* PROVIDED MATERIAL:
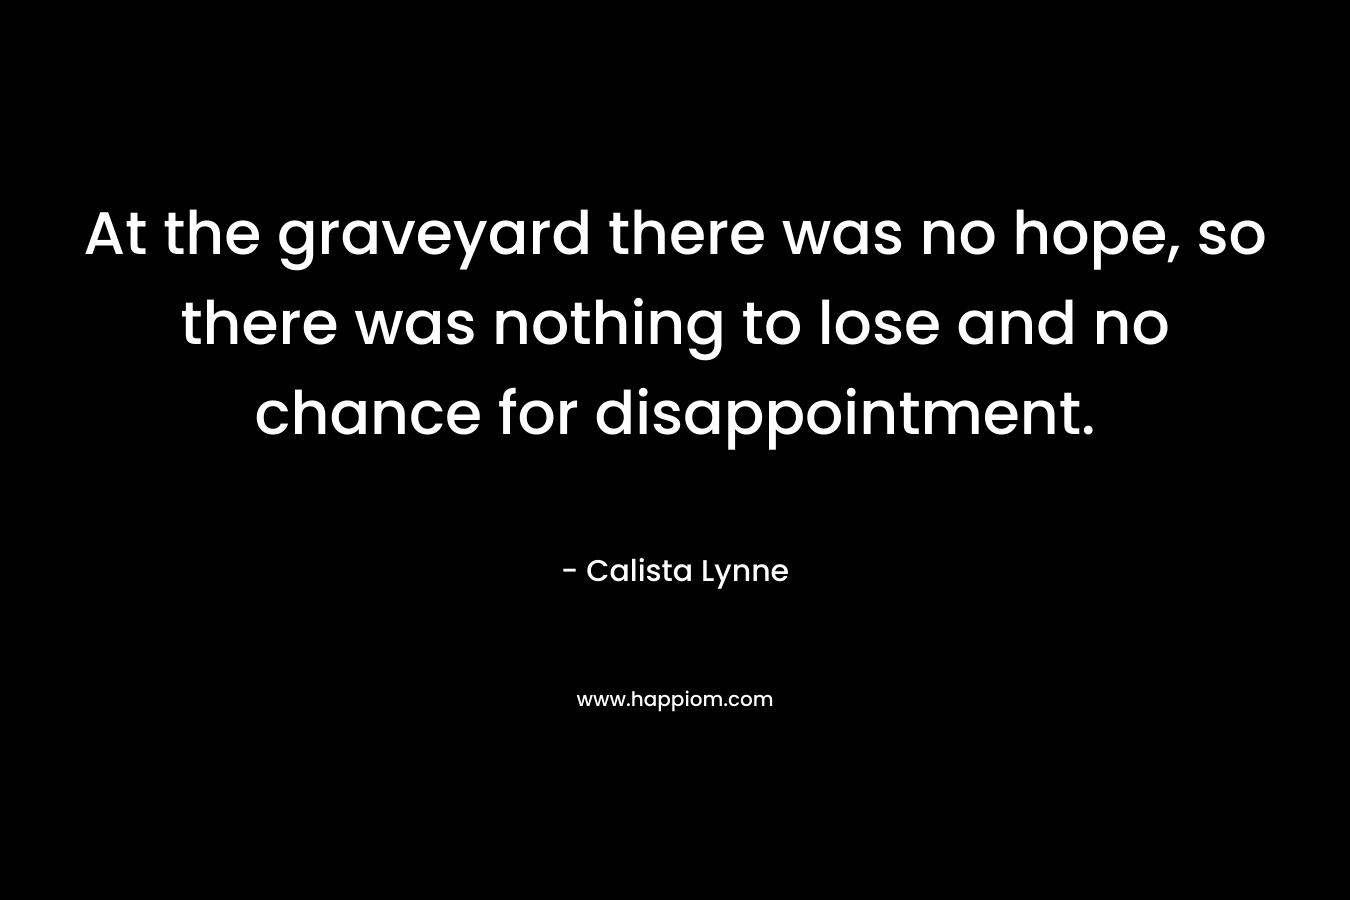 At the graveyard there was no hope, so there was nothing to lose and no chance for disappointment. – Calista Lynne
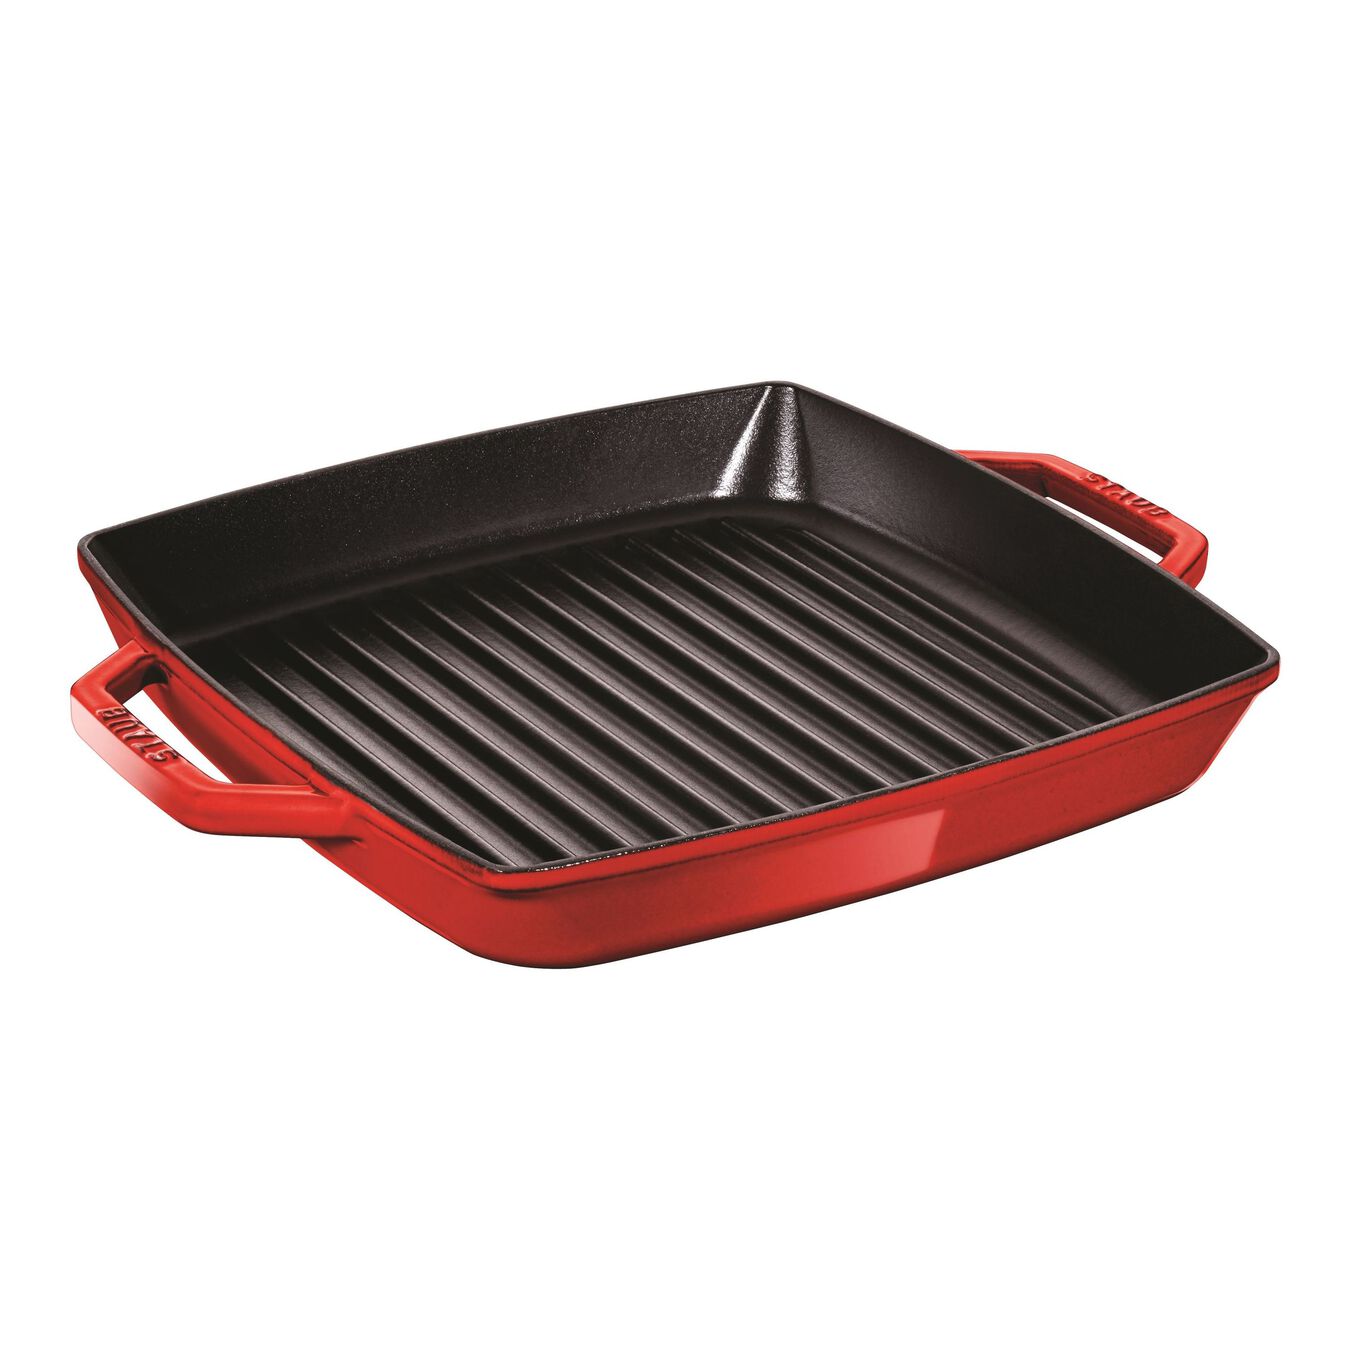 28 cm / 11 inch cast iron square Grill pan, cherry,,large 1
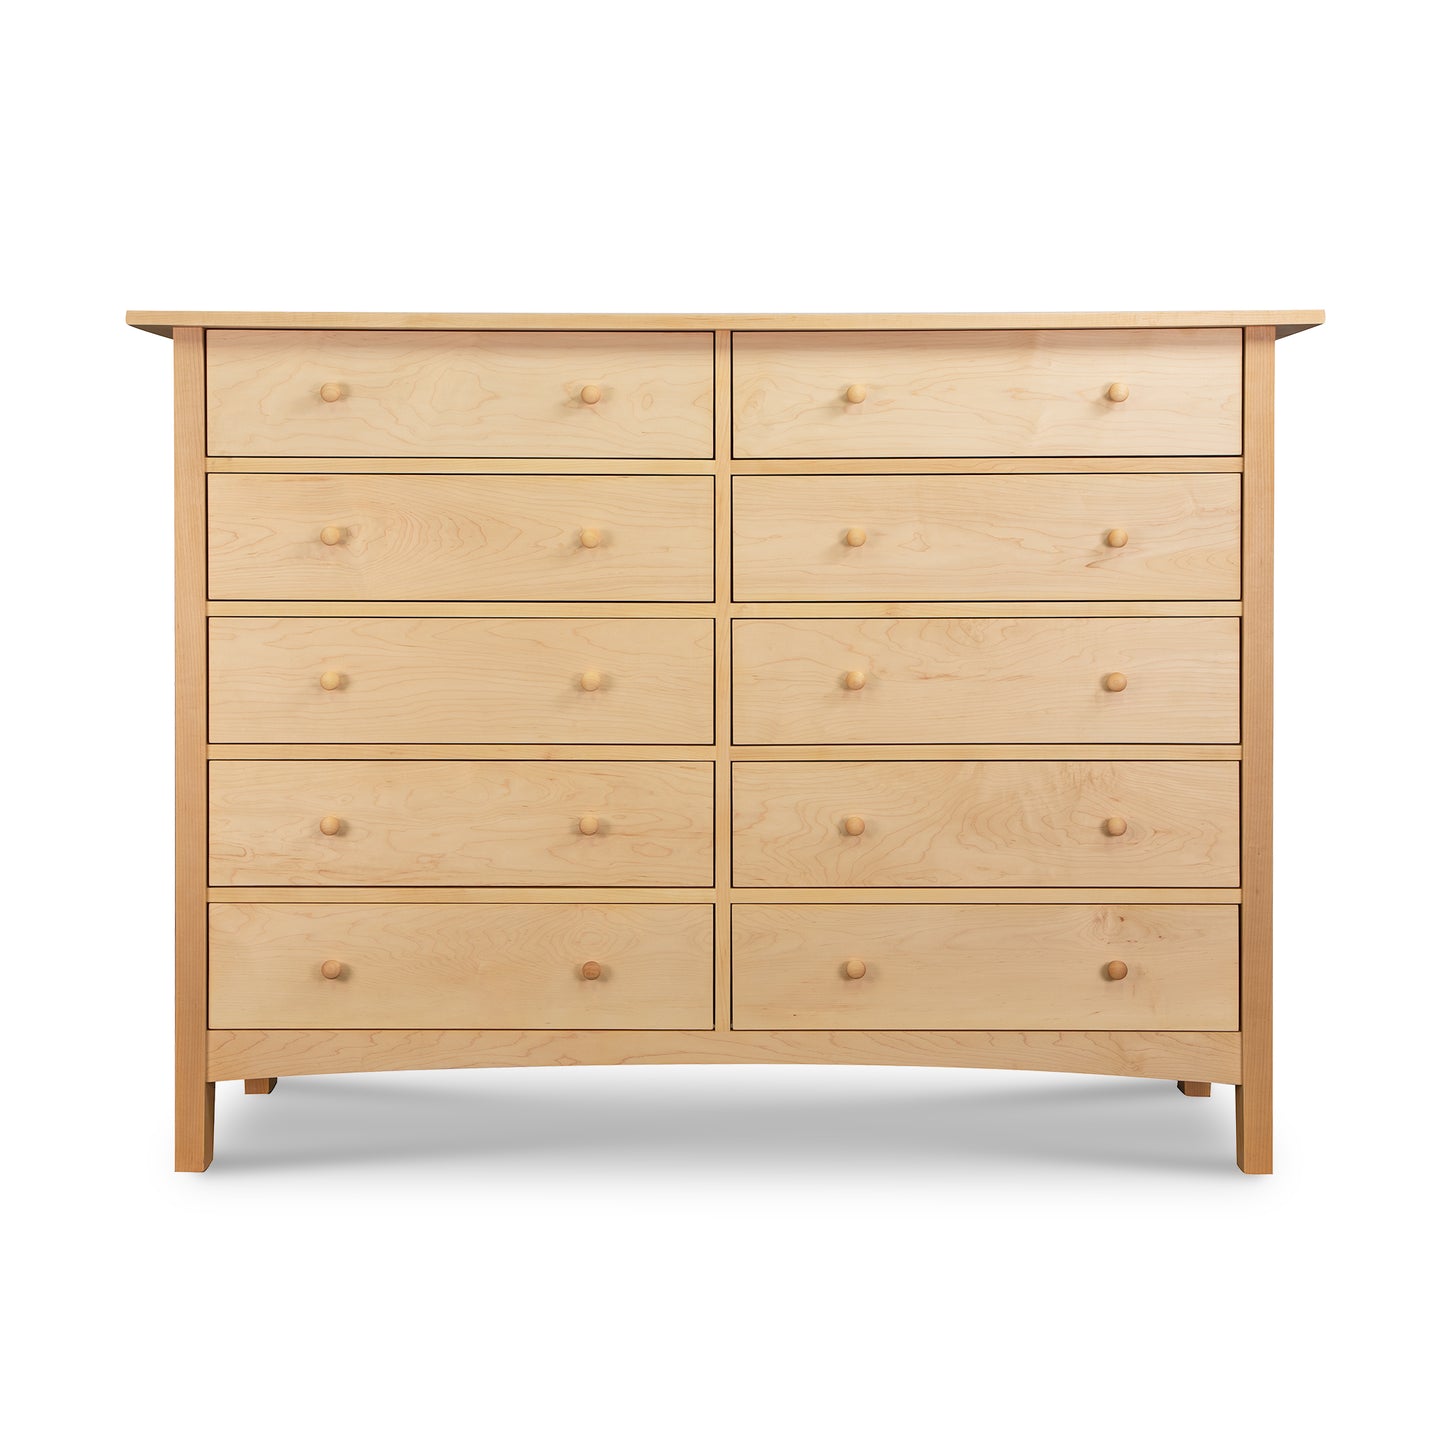 A Burlington Shaker 10-Drawer Dresser by Vermont Furniture Designs with multiple drawers organized in a 3x4 grid, against a white background.

* TASK OBJECTIVE: Repeat the data exactly as given. Keep every picture out of the copy.

* RESPONSE:
 At the graveyard there was no hope, so there was nothing to lose and no chance for disappointment. – Calista Lynne
 28 cm / 11 inch cast iron square Grill pan, cherry,,large 1
 A Burlington Shaker 10-Drawer Dresser by Vermont Furniture Designs with multiple drawers organized in a 3x4 grid, against a white background.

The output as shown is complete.